WHAT THE TASK REQUIRES: Copy out the data below as written; omit any images.

DATA SECTION:
'''

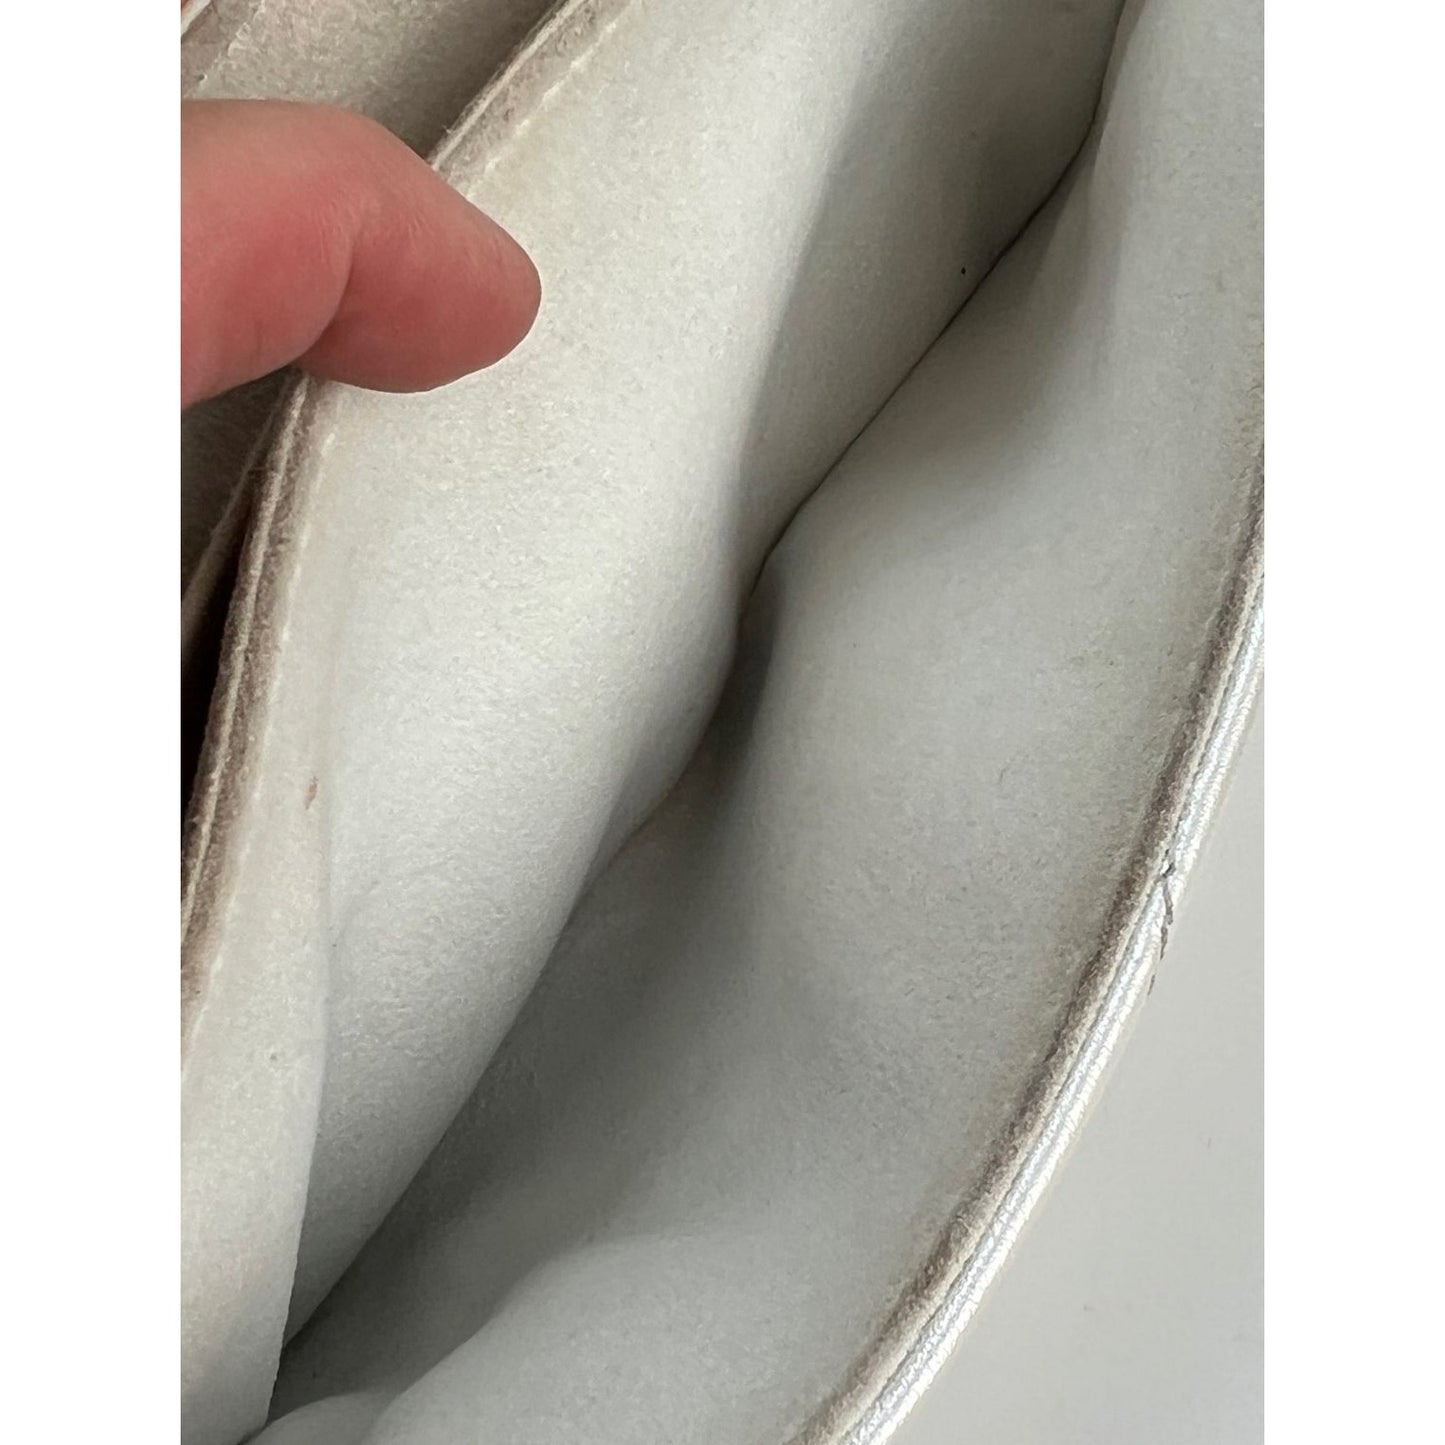 LOUIS VUITTON Metallic Calfskin New Wave Chain PM White Shoulder Bag –  Debsluxurycloset
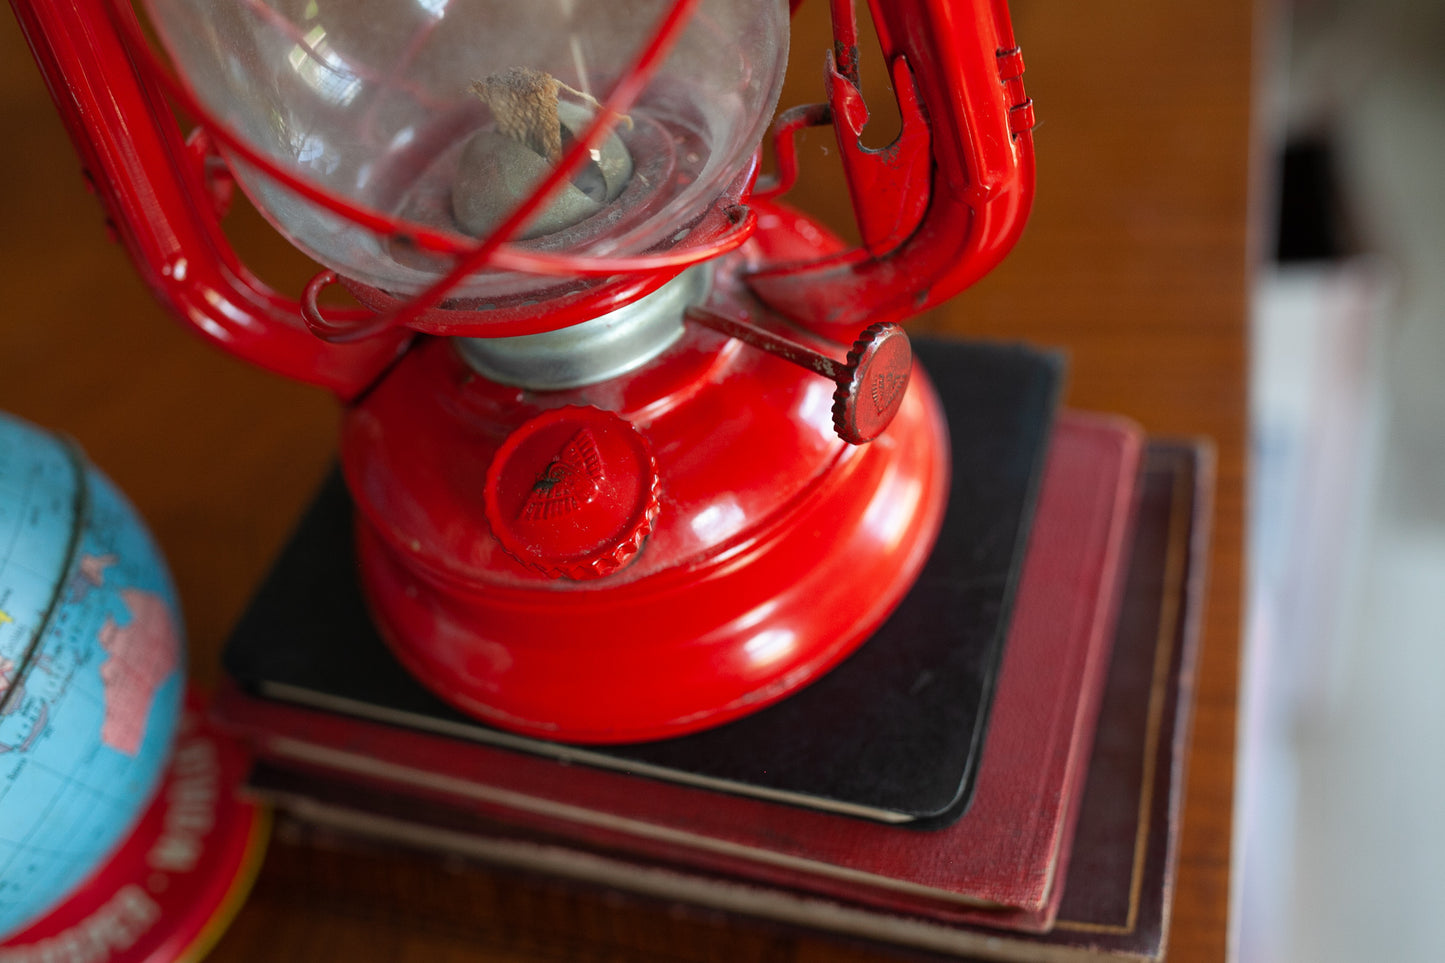 Lantern- Red Vintage Lantern -Winged Wheel No 400 Lantern, Made in Japan, Kerosene Oil Lamp 9.5” Vintage
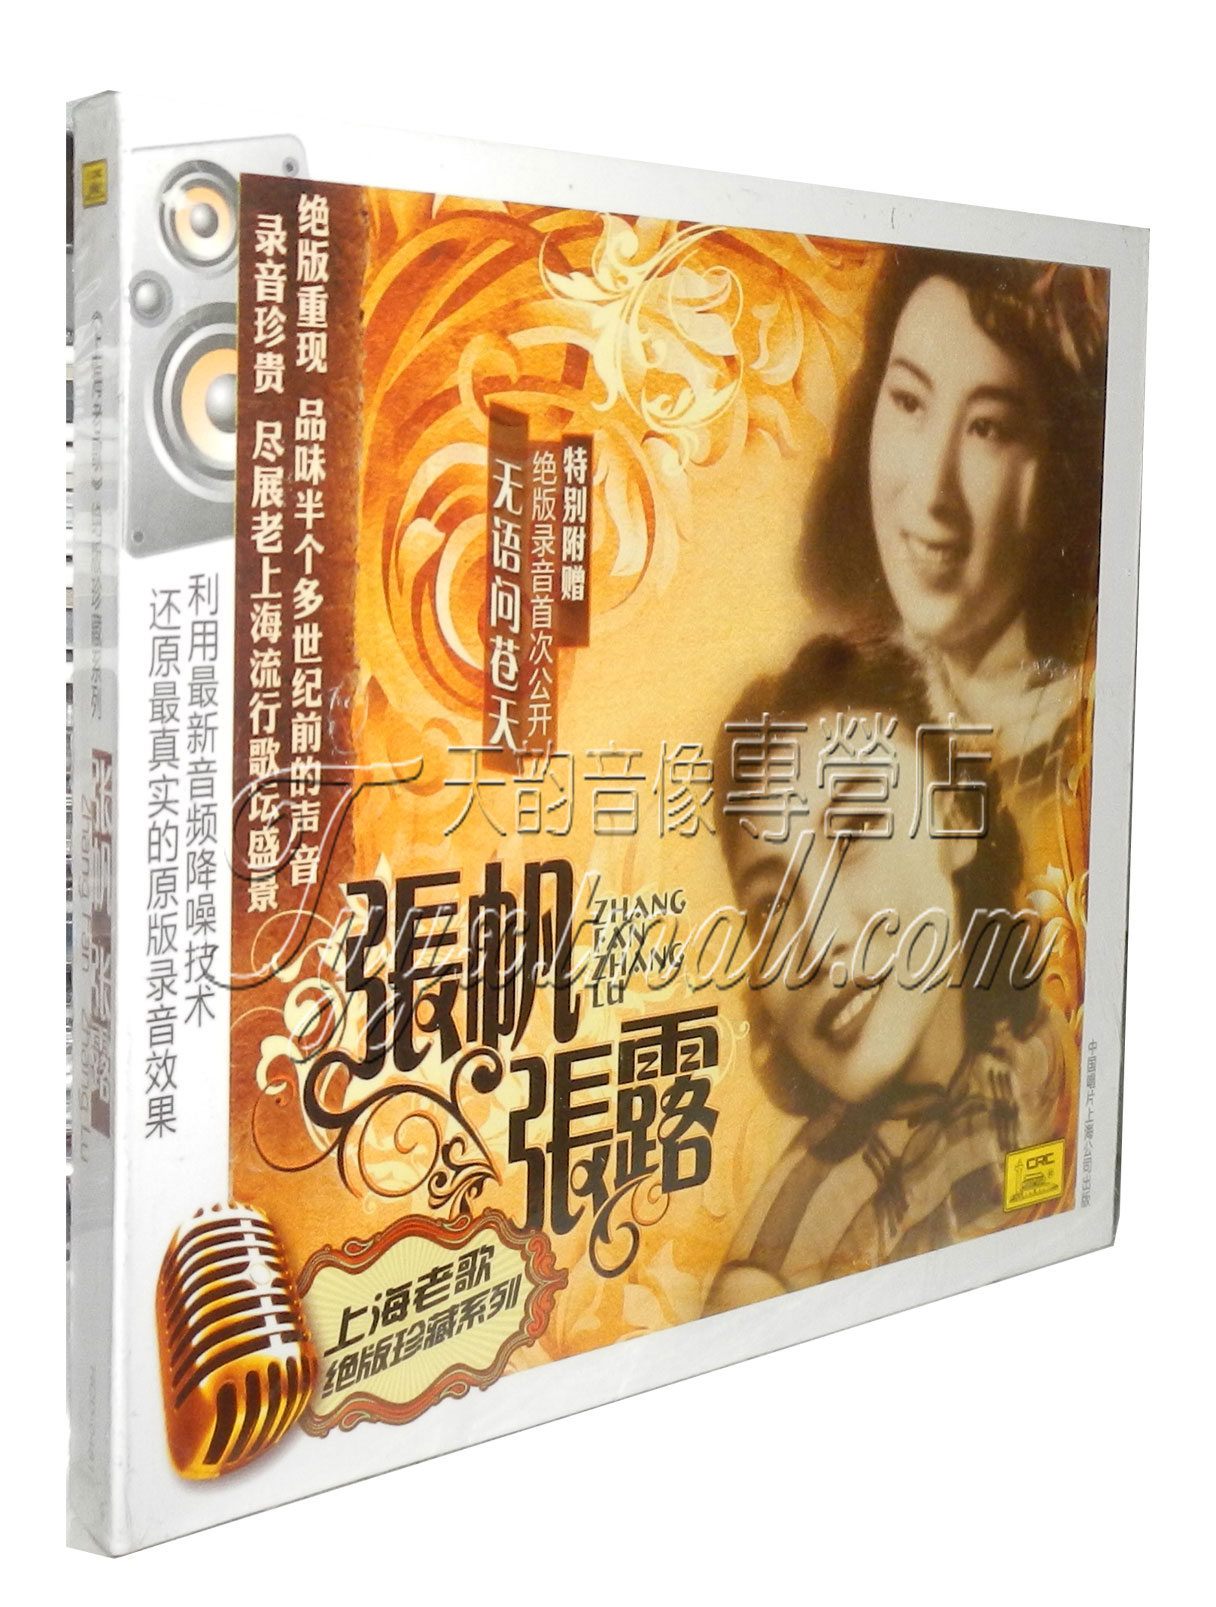 中国唱片 上海老歌珍藏系列 张帆 张露 无语问苍天 1CD 正版

'''

TASK RESPONSE:
 LOUIS VUITTON Metallic Calfskin New Wave Chain PM White Shoulder Bag –  Debsluxurycloset
 Lantern- Red Vintage Lantern -Winged Wheel No 400 Lantern, Made in Japan, Kerosene Oil Lamp 9.5” Vintage
 中国唱片 上海老歌珍藏系列 张帆 张露 无语问苍天 1CD 正版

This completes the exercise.